You may be relieved to know that my ultimatum last month paid off. I asked 100 readers of The Ecologist online to sign up for a mini-assembly. We got 200. So thanks to all of you who committed to this world-shattering process.
Your individual actions are not just a drop in the ocean, but a crucial part of the democratic wave of change we are creating. Well, “maybe”, I hear you say.
A friend recently told me that assemblies are a bit of a “flavour of the month” at the moment. The problem with a word like “assembly” is that people think it’s just a thing—one thing amongst the thousands of ideas we are bombarded with in our information-saturated society.
Instinct
But assemblies— communities coming together to discuss what is going on and what needs to be done—are not just a modern trend. They are as old as the hills, with a rich history of at least 10,000 years of shaping political change.

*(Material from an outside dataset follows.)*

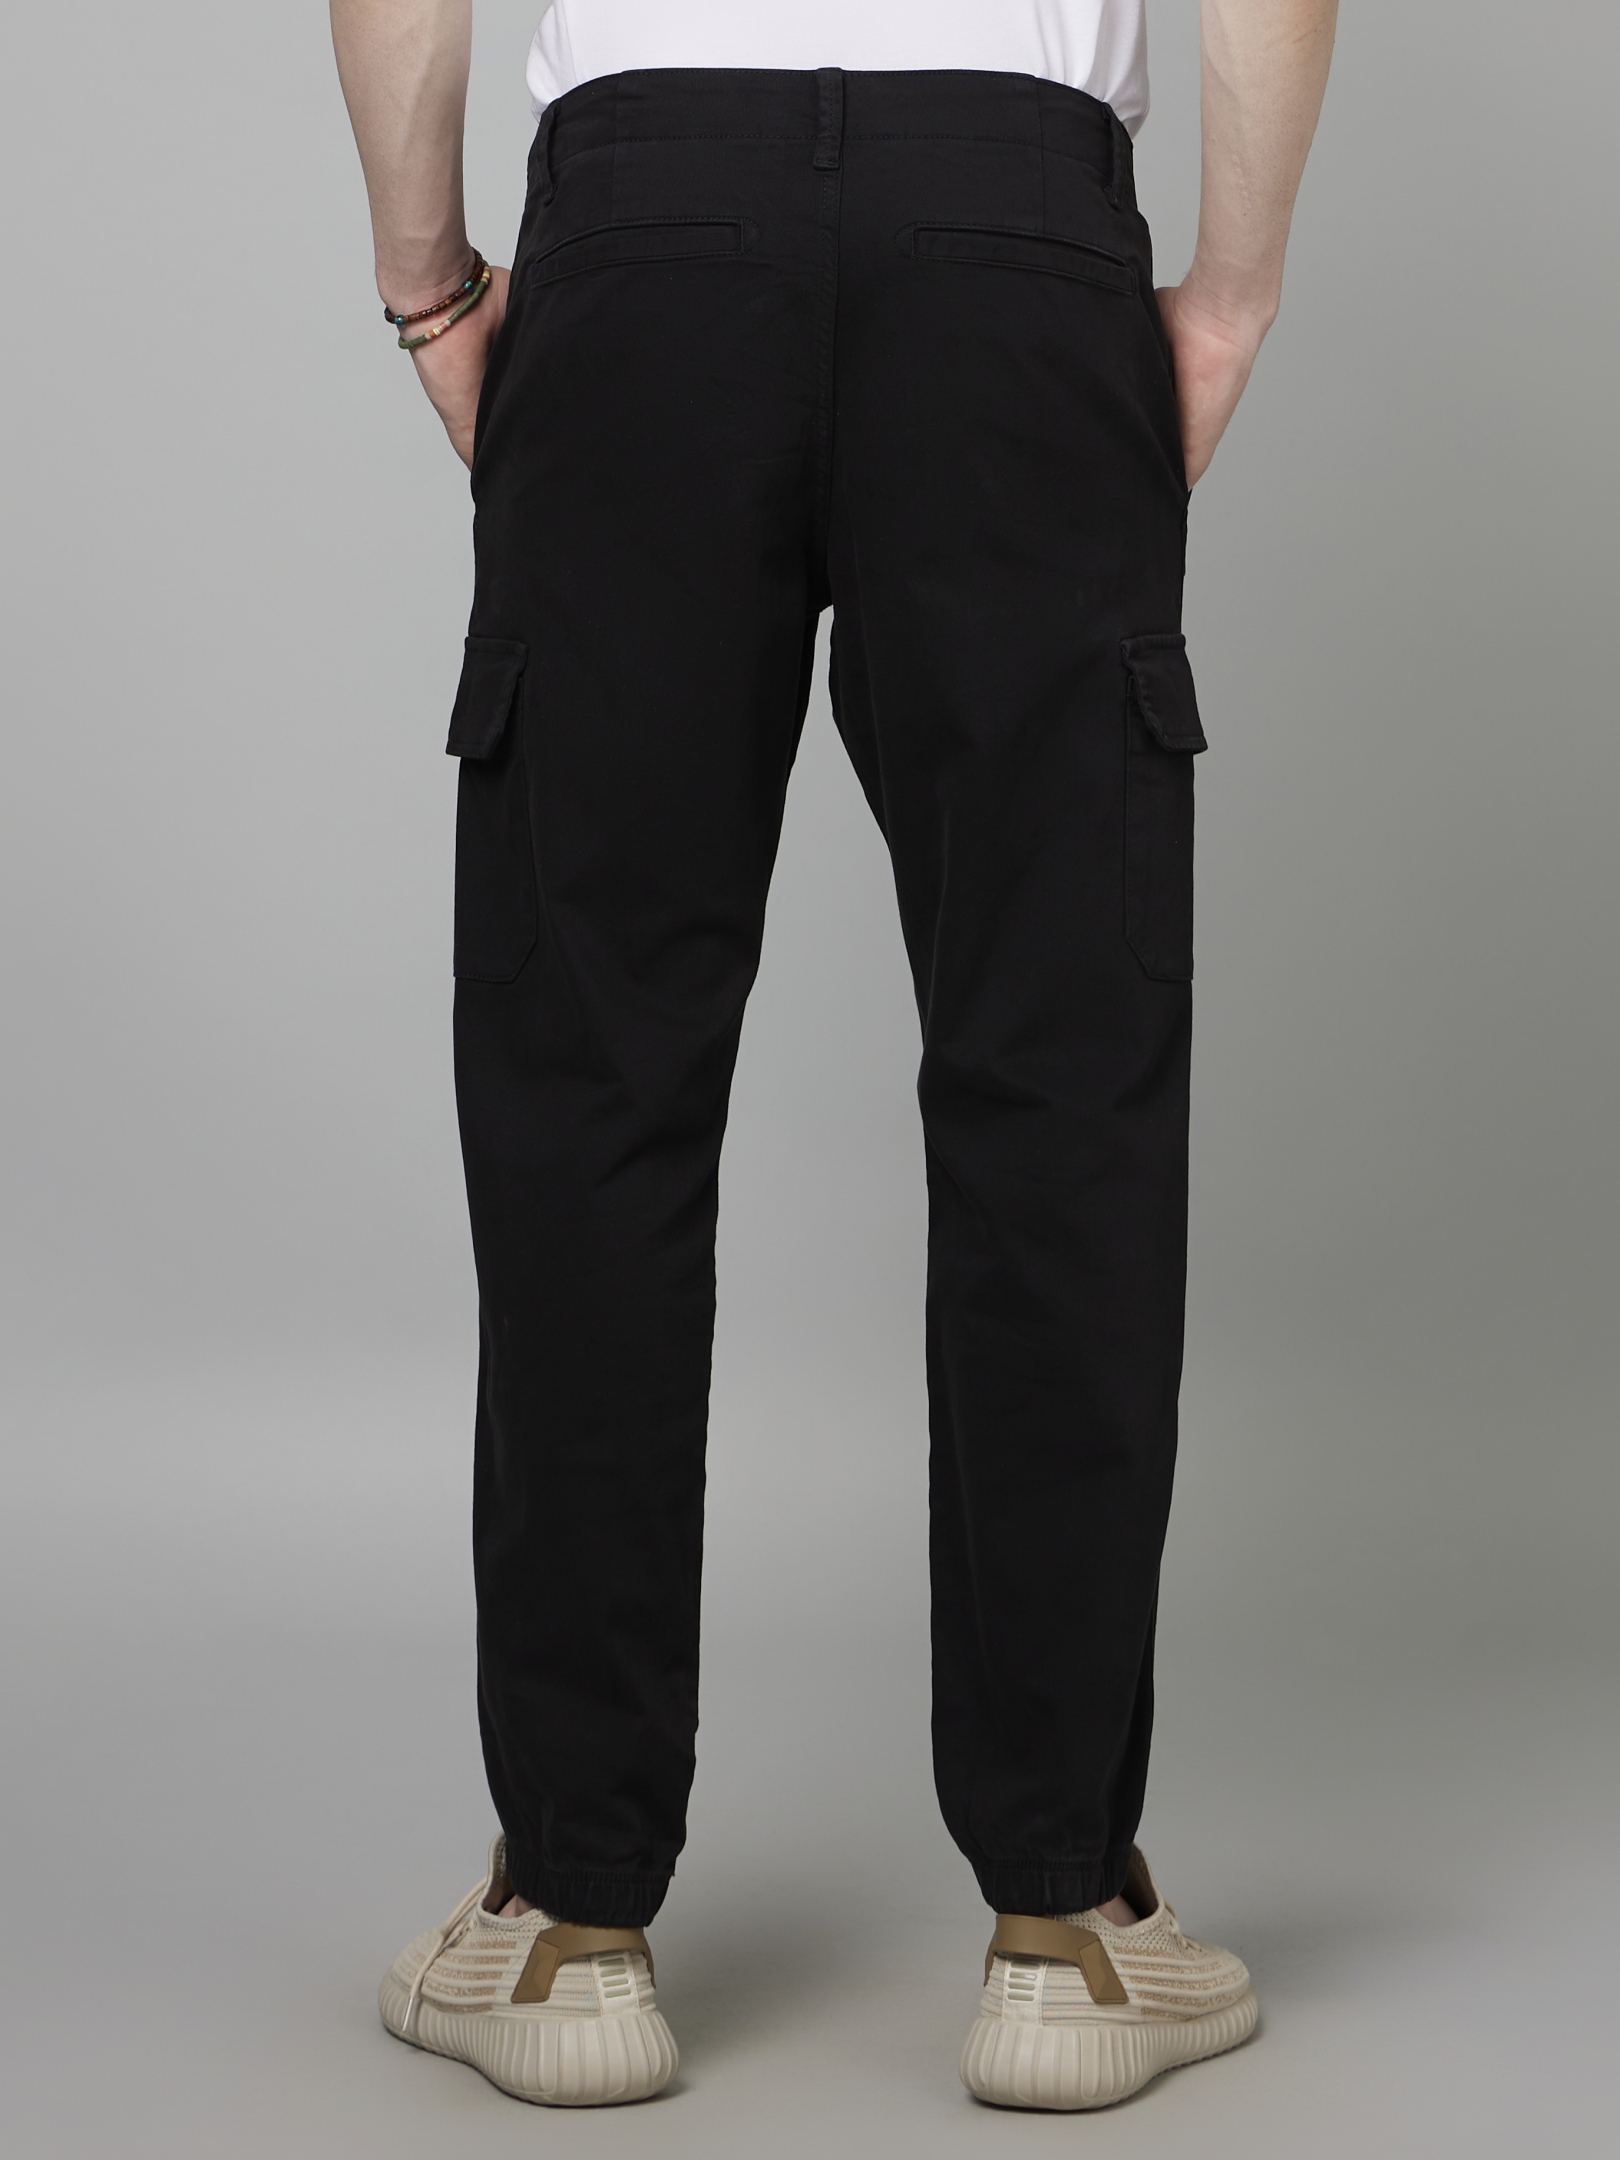 Regular Fit Formal Wear Mens Black Cotton Trouser, 28-36 at Rs 275 in  Ludhiana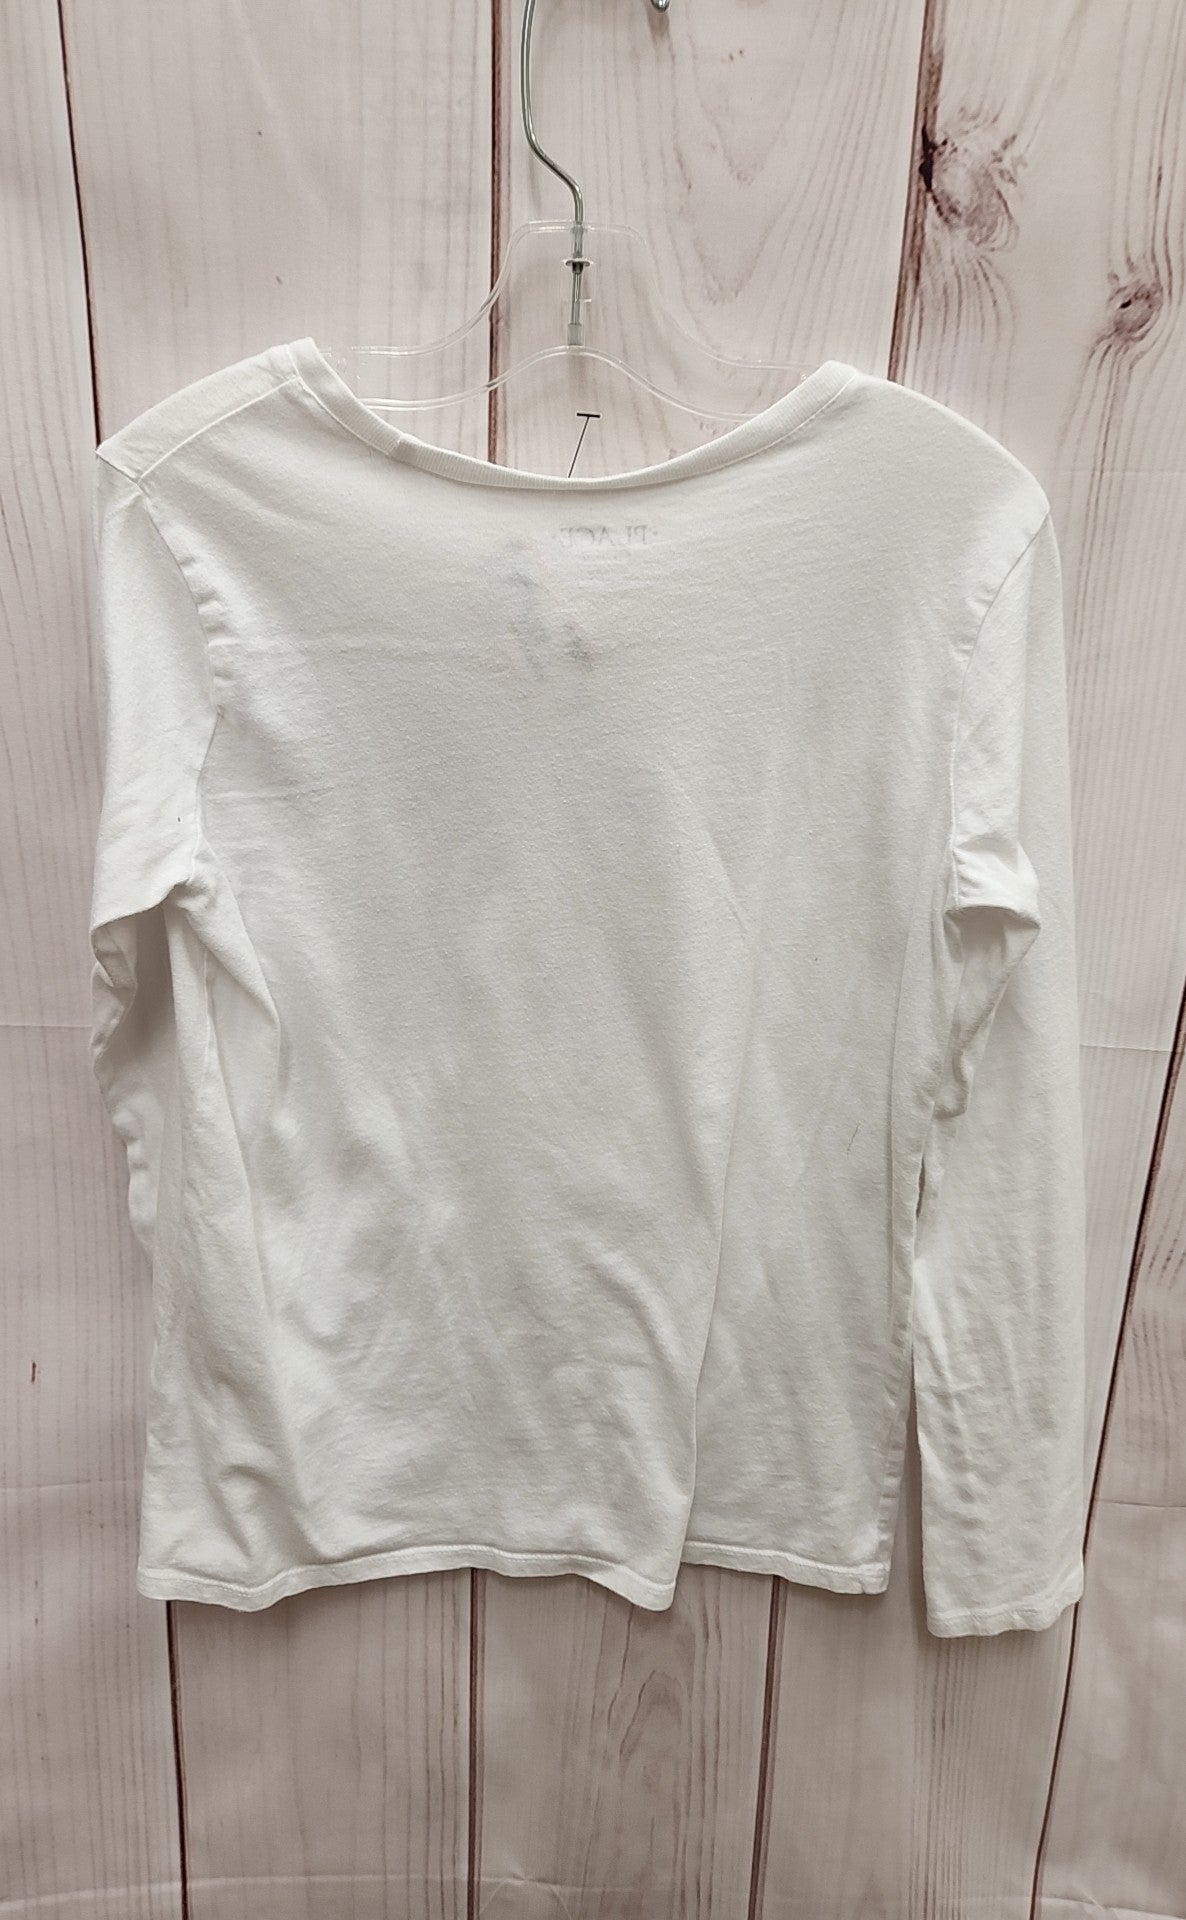 Place Girl's Size 10/12 White Shirt

More to the point, they are the central social form of radical and revolutionary political change—much more important than individual action or top-down leaders telling people what to do routinely. Just see the examples of the Mondragon Cooperative or the Rojava Revolution. They are, then, in our present context, the real deal.
In 2018, I told The Guardian that massive civil disobedience on climate would happen within two years. Of course, I didn’t mean it was guaranteed. I meant that the social form was ready—that if the right people planted the seed, it could take off. That’s exactly what happened when XR’s co-founders made the prediction come true in 2019.
I could feel it. But this wasn’t just vague intuition.
Now, I’ll make another prediction: Radical, assembly-based political parties will be the defining movement of the next five years in Western democracies. I can feel this, too. And this time, I have more than instinct to back it up.
Chaos
Alongside civil disobedience, the social form of assemblies has now been developed to the point where it can take off. Of course, the context is enormously fertile for a seed to be planted and nurtured, with disillusionment and a sense of betrayal higher than ever since World War II.
As many of you know, my big thing is that the devil is in the details. That is what I want written on my grave. There are slapdash conversations and then there are organised, revolutionary assemblies.
To create the latter we need to attend to both micro-design and sequencing to help them lead to a concrete pathway to power: local, national, and then international system change. A fundamental shift in the way our society operates, towards a more just and equitable system.